Il fu Mattia Pascal, alla base dell’aggettivo pirandelliano in vita e letteratura

da ArtSpecialDay

Pirandelliano è uno dei due aggettivi che, mutuati dalla letteratura nel linguaggio comune, sono certamente i più abusati – il secondo è kafkiano, senza dubbio – usati a sproposito per abbellire una frase senza comprenderne la reale portata e significato: magari perfino senza aver letto Il Fu Mattia Pascal, che fu il primo grande successo di Luigi Pirandello e che costituisce la chiave di volta della sua poetica e tematica, e quindi di tutte le cose pirandelliane. Parafrasando un po’ a braccio Italo Calvino, un classico è un libro che non ha mai finito di dire quello che ha da dire: la definizione calza quanto mai a pennello per Il Fu Mattia Pascal, che ad ogni rilettura si offre ad una nuova scoperta: ad esempio il lungo monologo (solo in apparenza in forma dialogica) del Capitolo X, Acquasantiera e portacenere, dove Pirandello mette in scena, è il caso di dirlo, una vera e propria piéce teatrale, e si erge ad una sorprendente modernità evocando i monologhi più intensi della storia del cinema, come quello di Al Pacino in Americani. Insomma, un vero e proprio nucleo tematico incastonato nella narrazione con tempi recitativi, che dà a posteriori al romanzo una veste quasi filmica.

Del resto, la narrazione di Pirandello è fortemente visiva, e la storia si presta alle immagini: infatti Il Fu Mattia Pascal, dopo la prima pubblicazione a puntate nel 1940, ha avuto tre riduzioni per il grande schermo (1926, 1937 e l’ultima, del  1985, con un’accoppiata Monicelli – Mastroianni, dal titolo Le due vite di Mattia Pascal) ed è stato portato anche sul palcoscenico: non è difficile da rappresentare, in fondo, la storia di questo Mattia Pascal che “muore tre volte”, ma la questo è rappresentarla bene, come pure la domanda fondamentale è: è mai vissuto veramente, Mattia Pascal? Deprivata degli orpelli descrittivi, la storia di Mattia Pascal, figlio di famiglia abbiente e caduta in disgrazia, che per una serie di vicissitudini si trova imprigionato in un matrimonio infelice e un lavoro inutile, è quella di un’occasione: quella di realizzare un desiderio che sfiora la mente di quasi tutti, senza che quasi nessuno abbia il coraggio di realizzarlo, ossia sparire, far perdere le proprie tracce e ricominciare da zero, come una persona del tutto nuova. allontanatosi da casa per alcuni giorni senza dar conto di sé, Pascal si trova dapprima in possesso di un’inaspettata piccola fortuna vinta al gioco, e successivamente dato per morto suicida a causa del ritrovamento di un cadavere scambiato per lui. Sparire così diventa facile: ma senza denaro a sufficienza per vivere senza problemi pratici, e senza un’identità reale che gli consenta di agire nel mondo, la seconda vita di Mattia Pascal come Adriano Meis non è agevole né attraente come sarebbe potuta sembrare.
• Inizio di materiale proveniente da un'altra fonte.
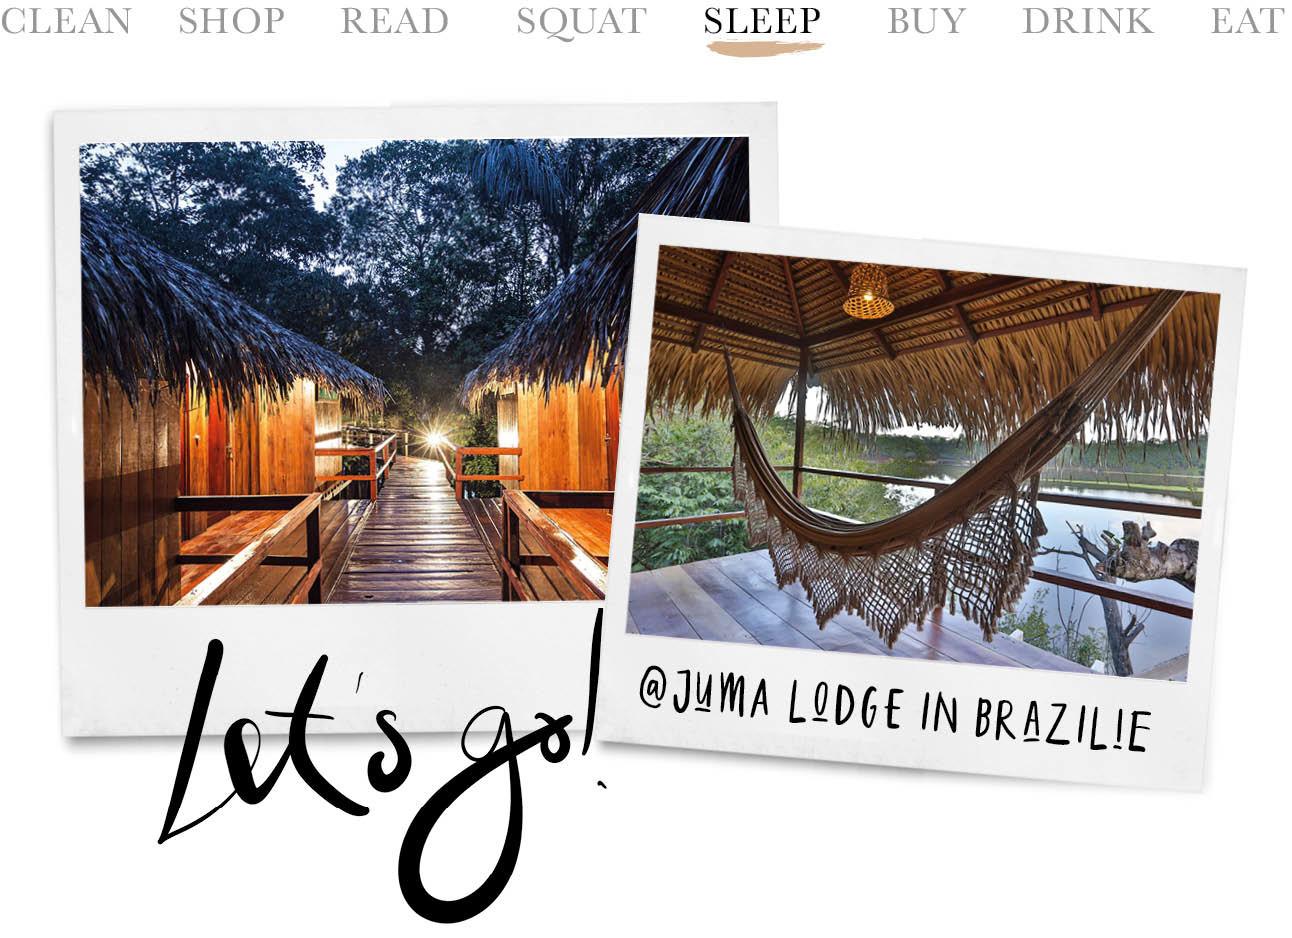 Tropische foto huma logde brazilië
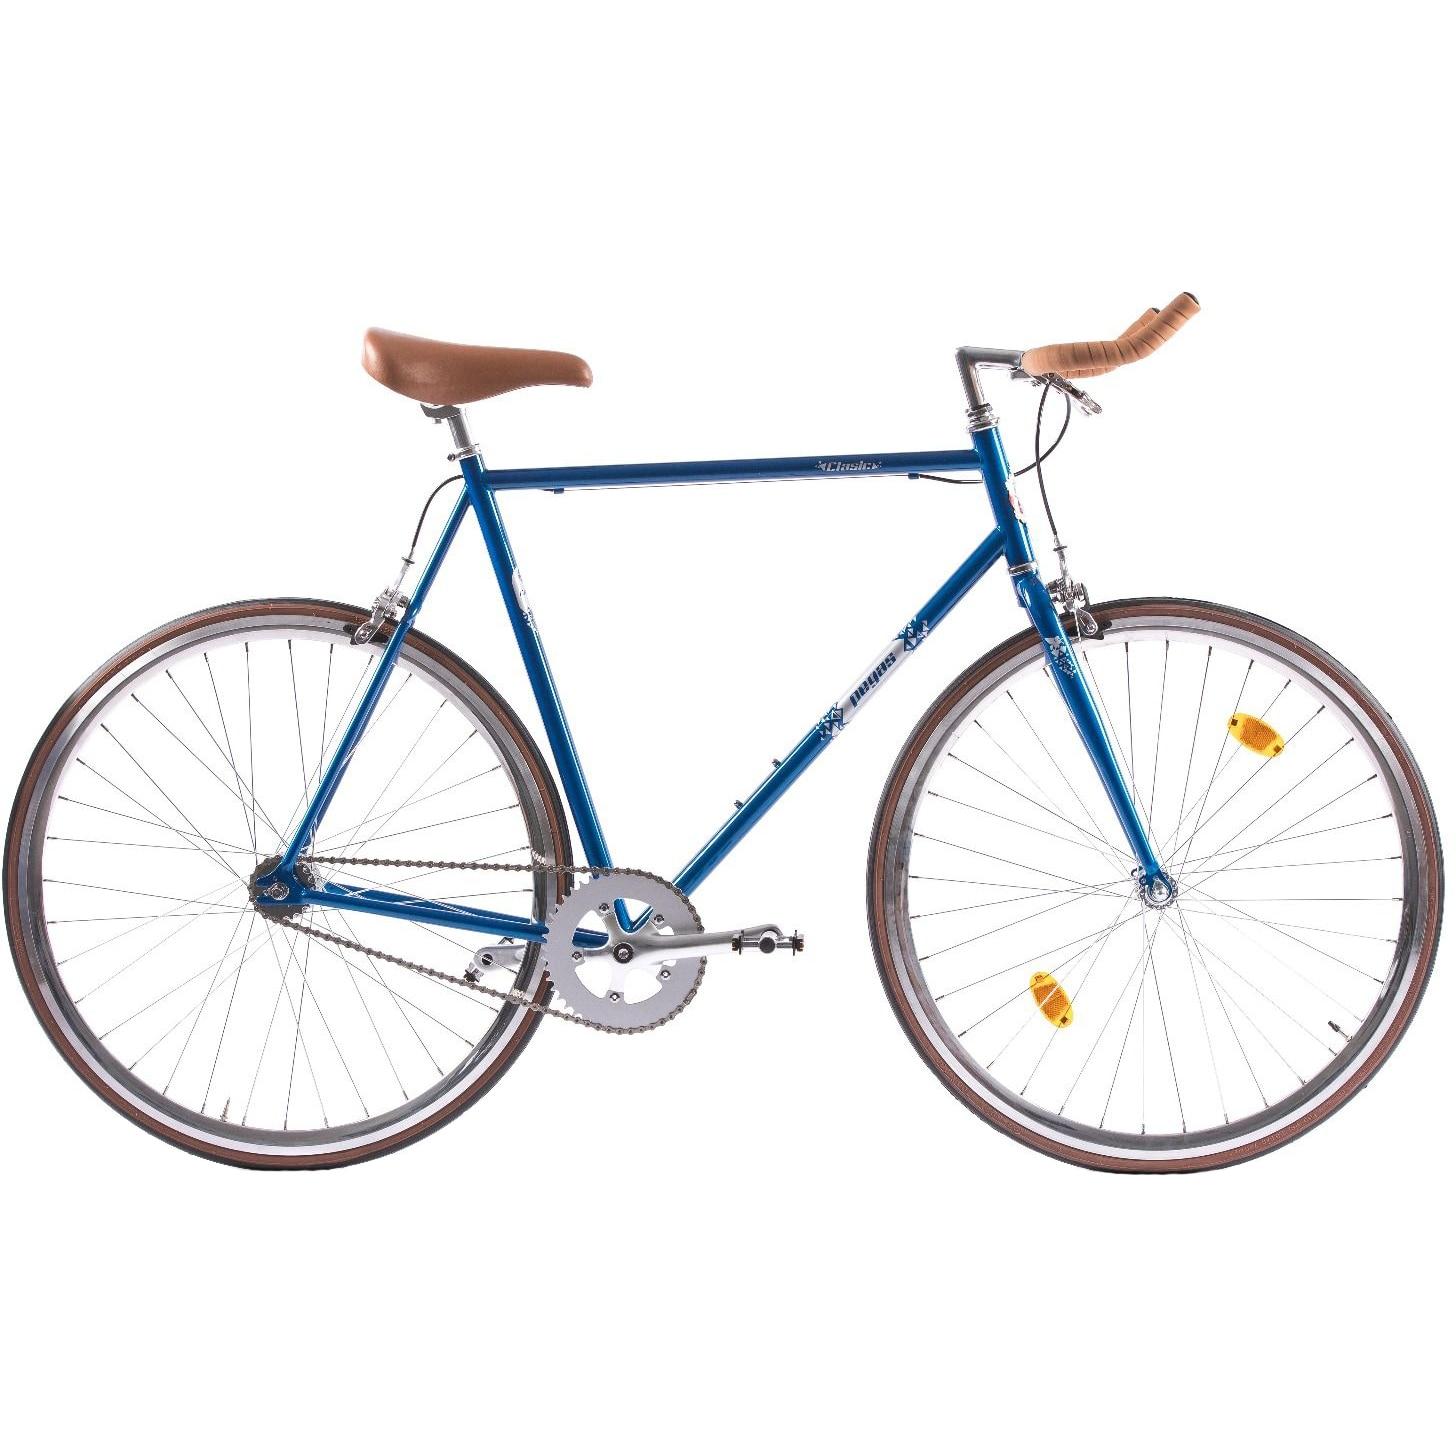 Fotografie Bicicleta Pegas Clasic 2S, Bullhorn Man, 61cm, Bleu

Così, tra il grottesco ed il caricaturale, diviso tra personalità e maschera, e perfino tra realtà e pazzia, Mattia Pascal diviene un patriarca, il capostipite di quella schiera di personaggi, questi sì, pirandelliani: divisi tra anelito per il libero arbitrio e sottomissione alla durissima realtà, che prima o poi fronteggiano l’impossibilità dell’evasione reale (come chi si rifugia a Puerto Escondido…).  Anche la struttura narrativa concorre alla definizione di una costante dicotomia e lacerazione: narratore interno e onnisciente e analessi contribuiscono a dare un senso di ineluttabilità che si consolida pagina dopo pagina: e se in Kafka l’angoscia è determinata dal rapporto con un’astratta Autorità, qui è la Natura Umana a rendere l’esistenza una sorta di trappola.

Le digressioni tematiche, poi, sono di assoluto interesse: affidate in due occasioni fondamentali ad un personaggio all’apparenza secondario, Anselmo Paleari, che disquisisce in chiave filosofica dapprima sul legame tra democrazia ed infelicità, e poi sulla Lanterninosofia, “disciplina” che spiega come l’infelicità dell’esistenza alla coscienza di sé, al fatto di sentirsi vivere: al vedersi, insomma, come alla luce di un lanternino, appunto: E questo sentimento della vita per il signor Anselmo era appunto come un lanternino che ciascuno di noi porta in sé acceso; un lanternino che ci fa vedere sperduti su la terra, e ci fa vedere il male e il bene

Il fu Mattia Pascal si conclude con un’Avvertenza sugli scrupoli della fantasia che, a sua volta, ha il sapore di una dichiarazione programmatica – pirandelliana, naturalmente Perché la vita, per tutte le sfacciate assurdità, piccole e grandi, di cui beatamente è piena, ha l’inestimabile privilegio di poter fare a meno di quella stupidissima verosimiglianza, a cui l’arte crede suo dovere obbedire. Le assurdità della vita non hanno bisogno di parer verosimili, perché sono vere. All’opposto di quelle dell’arte che, per parer vere, hanno bisogno d’esser verosimili.

Dal che se ne deduce che, se desiderate usare l’aggettivo “pirandelliano” al presente momento sociopolitico, siete assolutamente autorizzati.